> _Assignment_: Word for word, transcribe the lines below and drop the pictures.

> _Information supplied_:
►

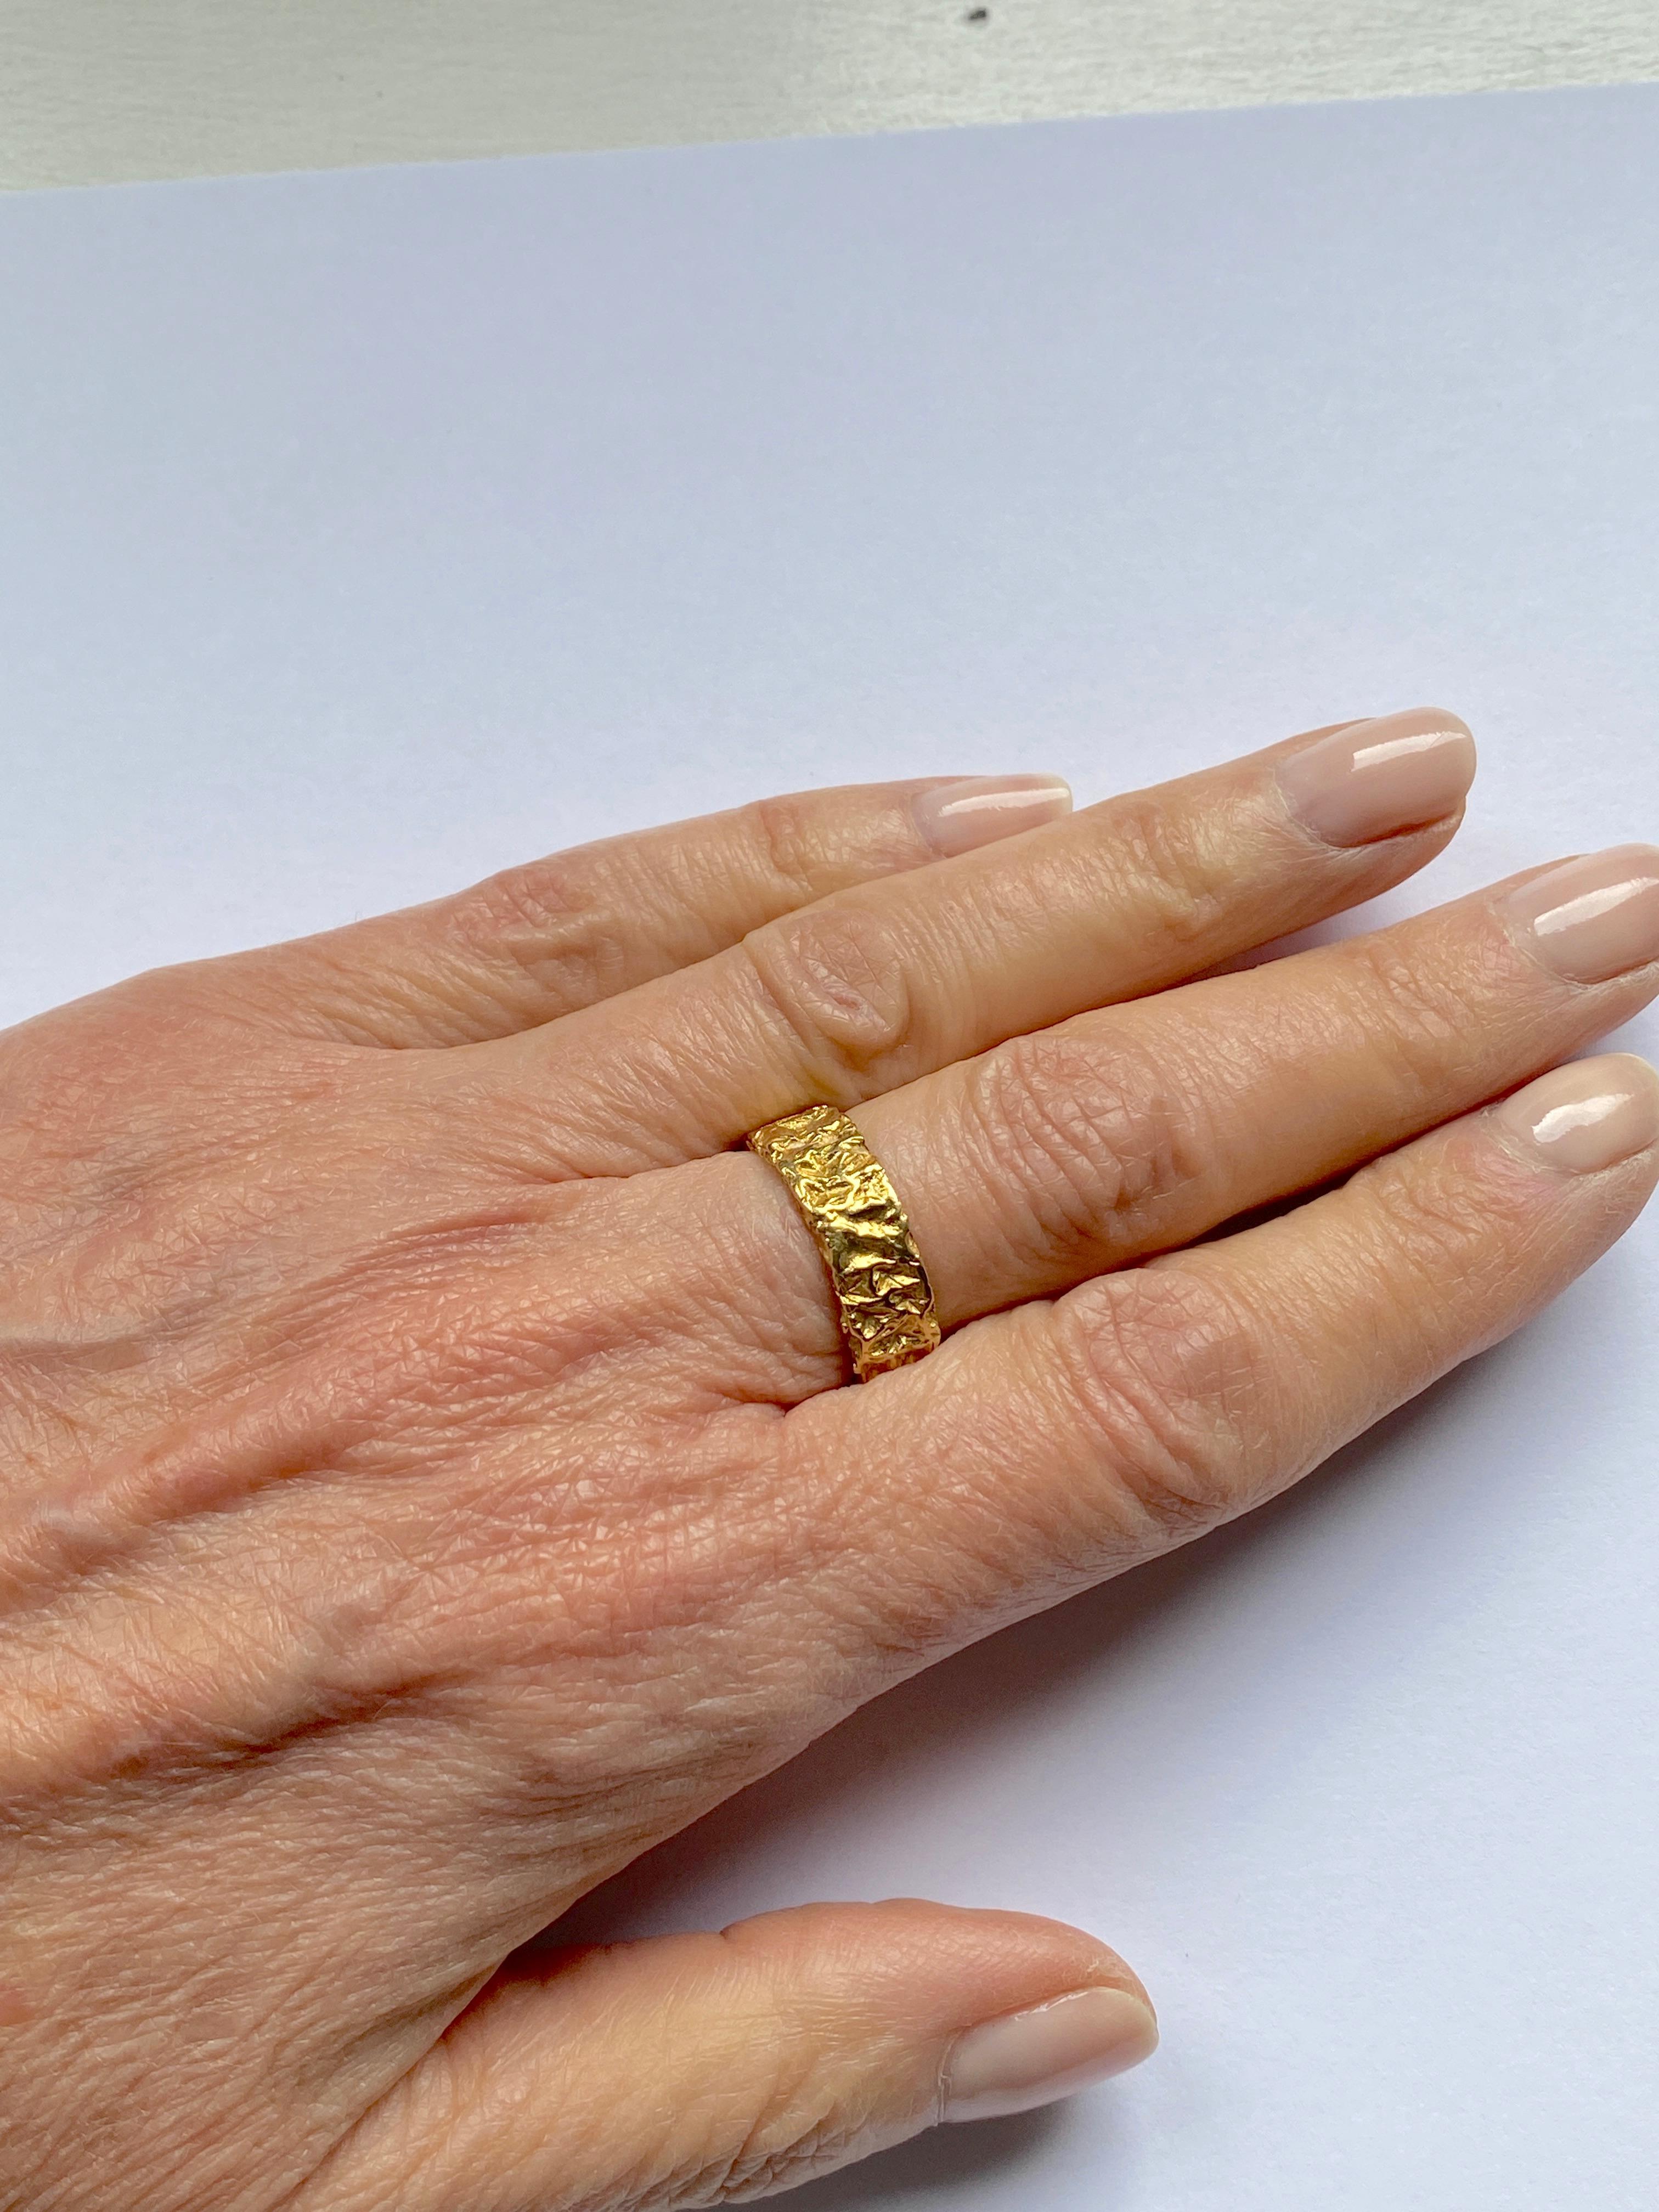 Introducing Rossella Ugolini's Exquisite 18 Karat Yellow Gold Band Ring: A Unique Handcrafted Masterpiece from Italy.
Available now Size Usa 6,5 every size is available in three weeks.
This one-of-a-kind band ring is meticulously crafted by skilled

◄

> _Solution for this task_:
 Introducing Rossella Ugolini's Exquisite 18 Karat Yellow Gold Band Ring: A Unique Handcrafted Masterpiece from Italy.
Available now Size Usa 6,5 every size is available in three weeks.
This one-of-a-kind band ring is meticulously crafted by skilled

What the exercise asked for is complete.